The 5 Love Languages

WarningThis post may get a little deep.  I in no way am meaning for it to!  I just honestly discovered a great lens to look at relationships and feelings!  Learning about this, I believe, could really save ya some time and frustration!  Here goes..

In my second life I think I'd be a great therapist.  Well, not really a therapist, an analyst.  I want to analyze why people are happy, how different personalities do well with this situation but other personalities don't.  I want to dig deep and put a label on everyone (OMG did I just say type that out loud) and figure out what makes them tick and what frustrates them.  I'm not talking about scientificly, just the fun stuff...which leads me to my newest discovery of the concept of:

The 5 Love Languages
Before you go on thinking this is just a made up concept to get people to buy a book, believe me, I am the biggest skeptic and I actually went LOOKING for this concept in writing. 
This secret will rock your relationship - in a good way.
The thing is, I realized a while ago that my boyfriend and I, although we care immensely for each other, we show each other love in different ways.  I started noticing that I always thought about how I could help him in his day-to-day activities, how to make his life easier.  When I went to the store: is there anything I can get for him?  Or, on a busy week: make him lunch or drive to his house instead of him coming to mine.  Wait a minute.  Just wait one second.  [enter bad feelings]  Well, why doesn't he do these things for me?  That's not fair!  I go "above and beyond" allllll of the time and when he is just so dang practical and takes care of himself.  We have an incredibly open relationship so of course I confronted him and I quickly realized I was so in the wrong for accusing him of not loving me as much as I loved him (I mean, come on, this isn't 10th grade anymore you just can't throw accusations around like that anyways)  I quickly remembered all those sweet emails, texts, phone calls, times he wanted to do nothing else but be in my presence.  Oh yeah.  That's right.  You do love me and you do show it.  Just in different ways!  GENIUS. All of my frustration went out the window.  See, just because my brain and my emotions want to give by doing favors and helping, doesn't mean that he gives love all the time that way.  

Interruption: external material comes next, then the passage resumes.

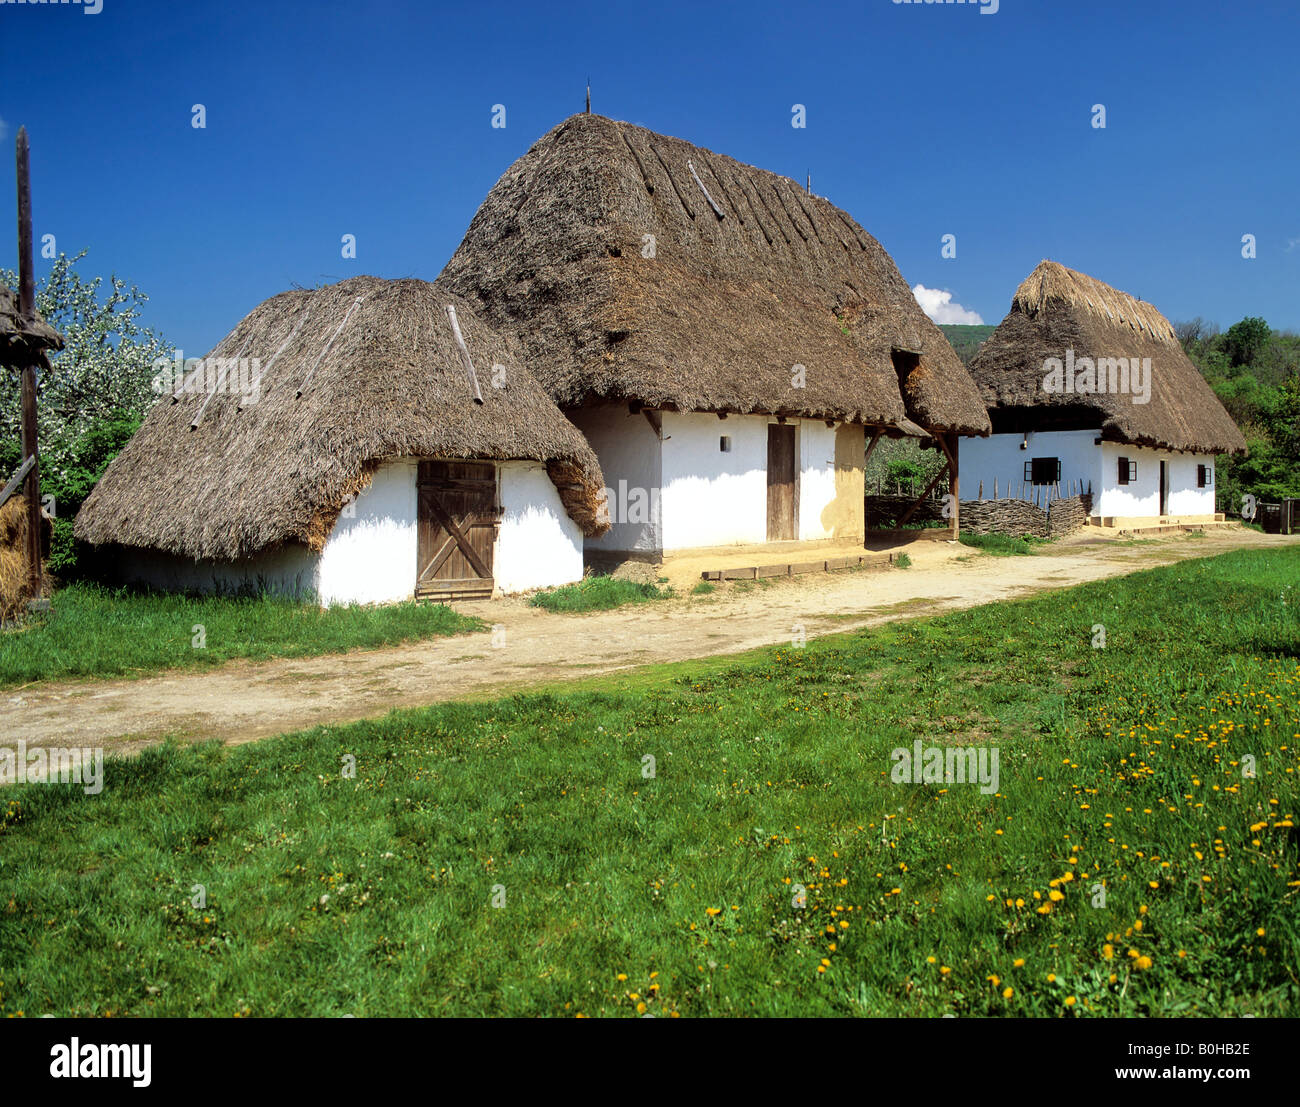 Csarda, farmhouse in the Puszta, Hungary Stock Photo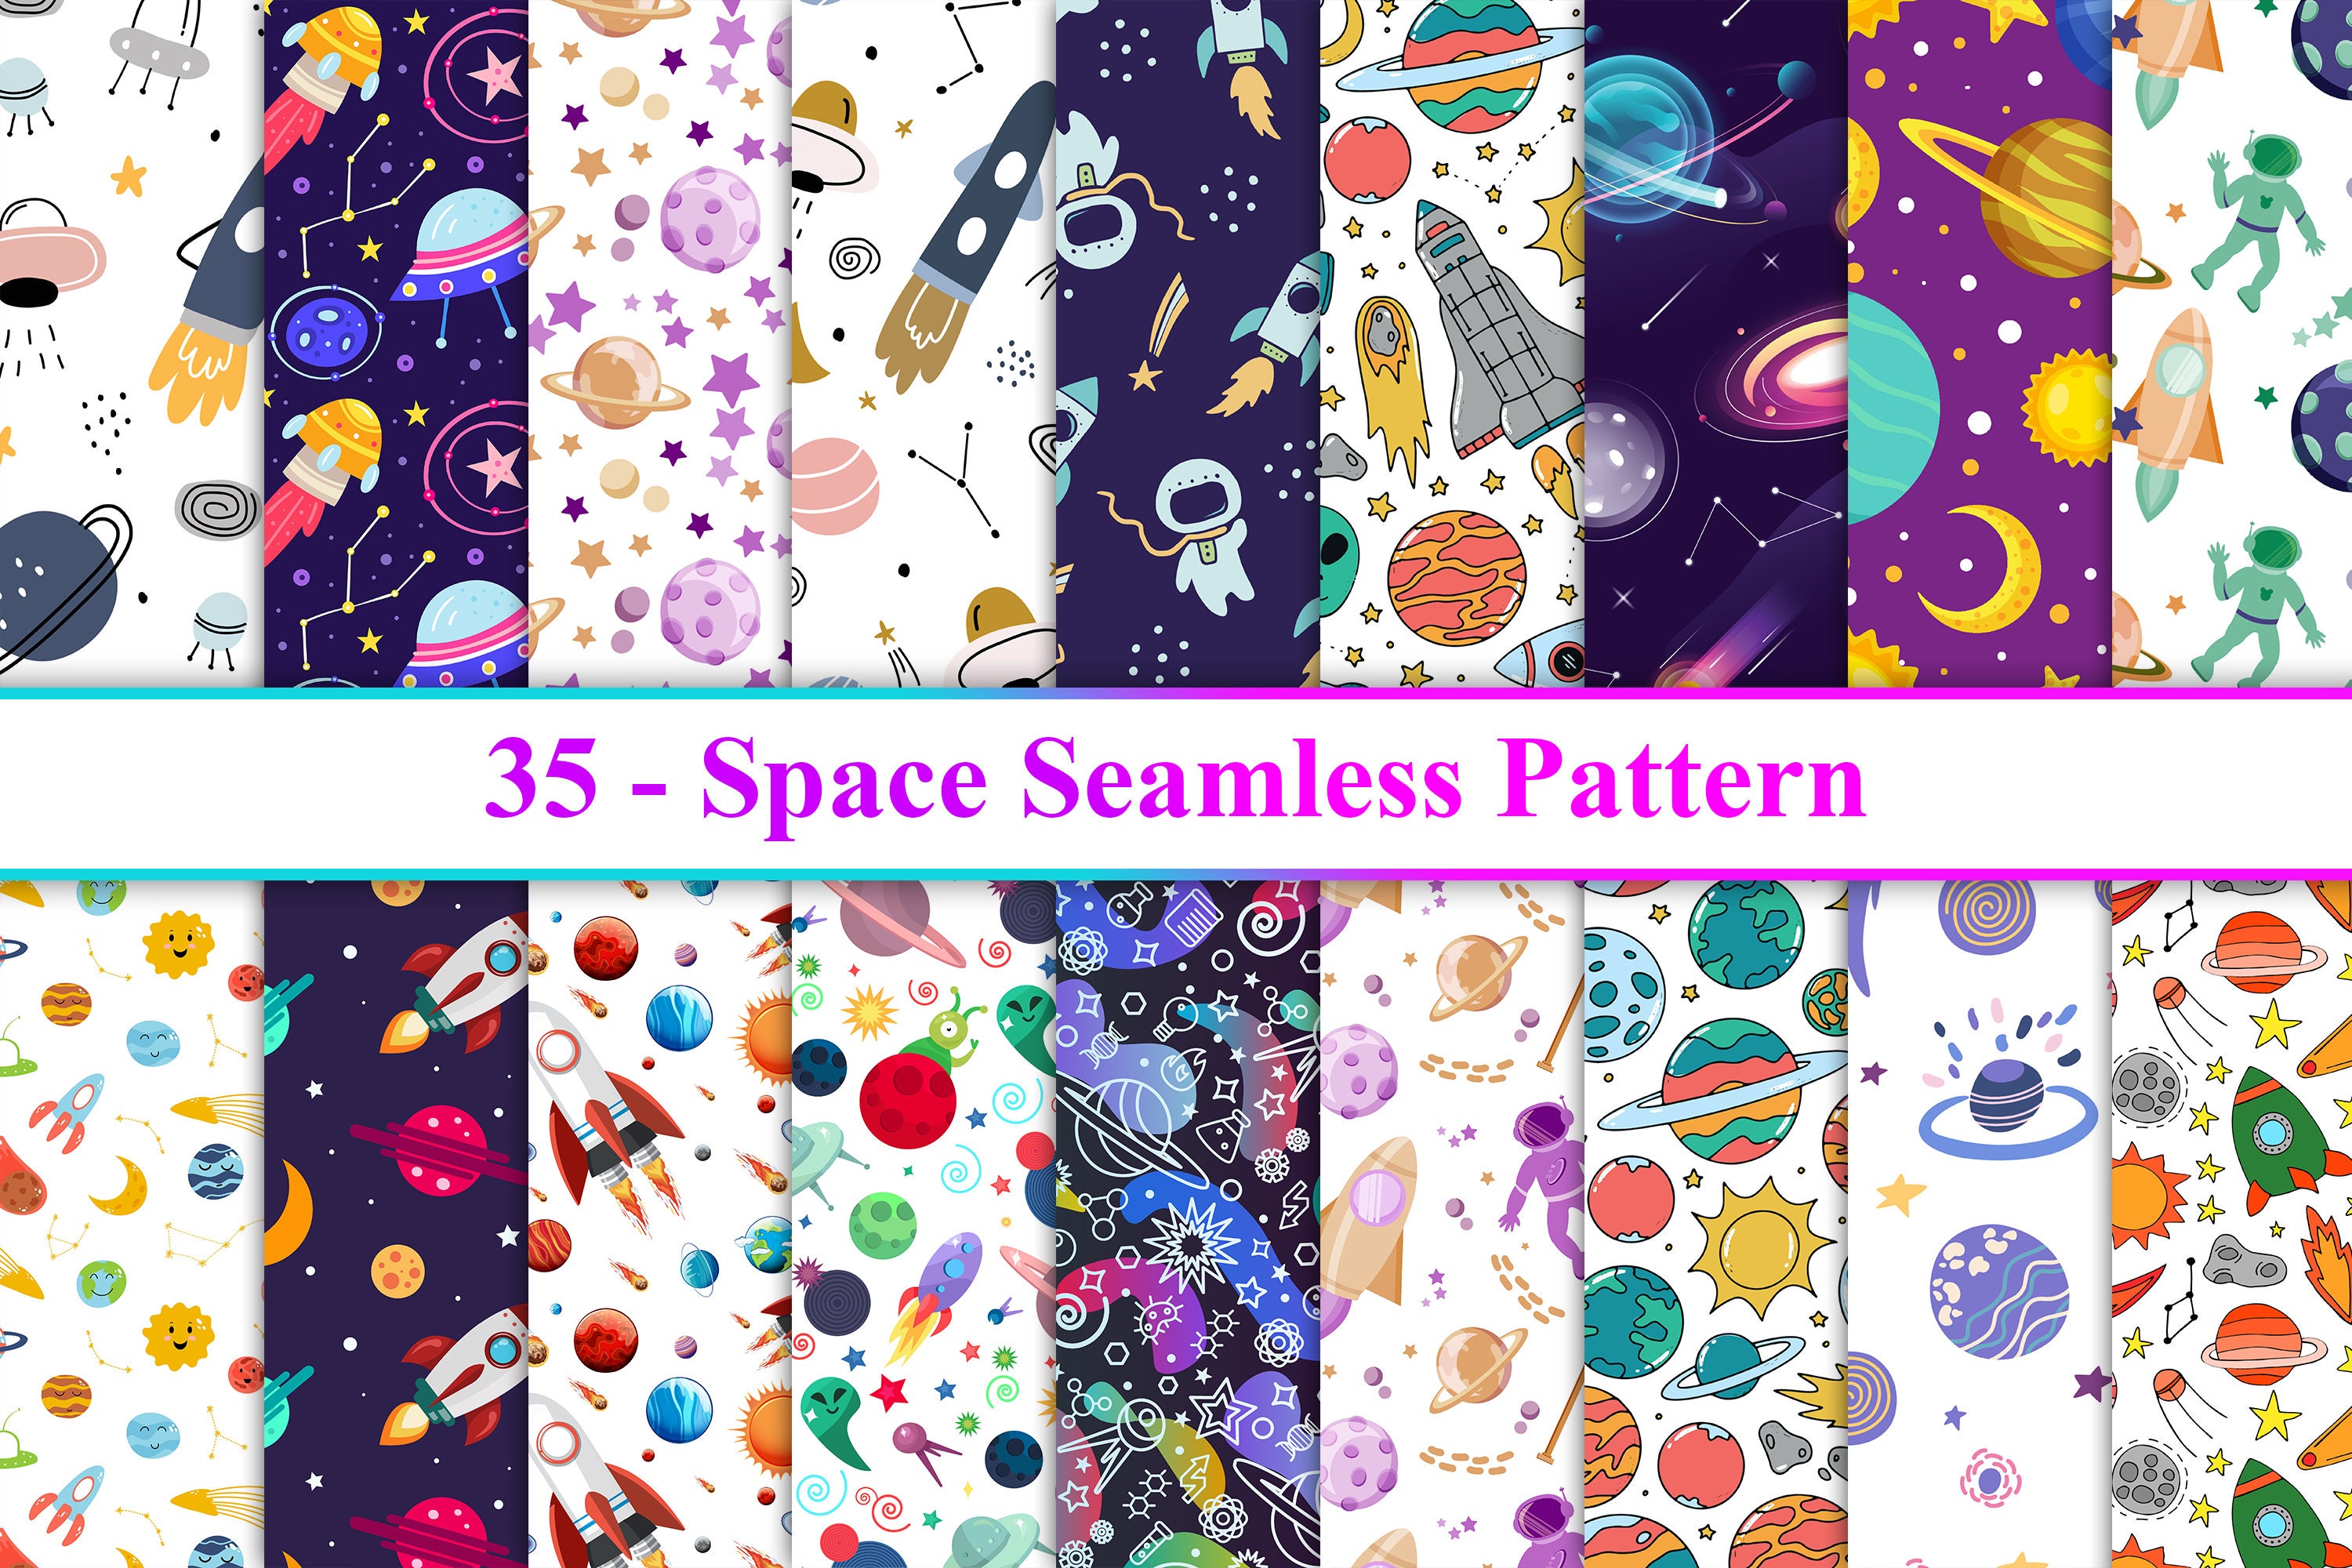 Seamless Pattern

So, after this conversation, I started thinking, found this online  "love language profile" test and did it.  Sure enough, my love language is "acts of service":

which means...

The book suggests that you use your profile to understand not only how you give your love but how you want to receive your love, and to tell your significant other so they can be aware of this as well-not necessarily change but just to be aware.  It's all about understanding how each person communicates!  
This "discovery" may not help you as much, but man it really made me have a great perception on how my brain and feelings work.  See, I have an enormous need to be needed and loved and, even moreso, I have a need to GIVE love to the people who mean so much to me.  However, I've recently started to see that everyone wants to be loved and most people actually want to give love, BUT how each individual receives and shows their feelings are completely different.

Moral of the story, different individuals function in the way they prefer to give and receive love and identifying your "style" of love language can really help you understand how to become closer!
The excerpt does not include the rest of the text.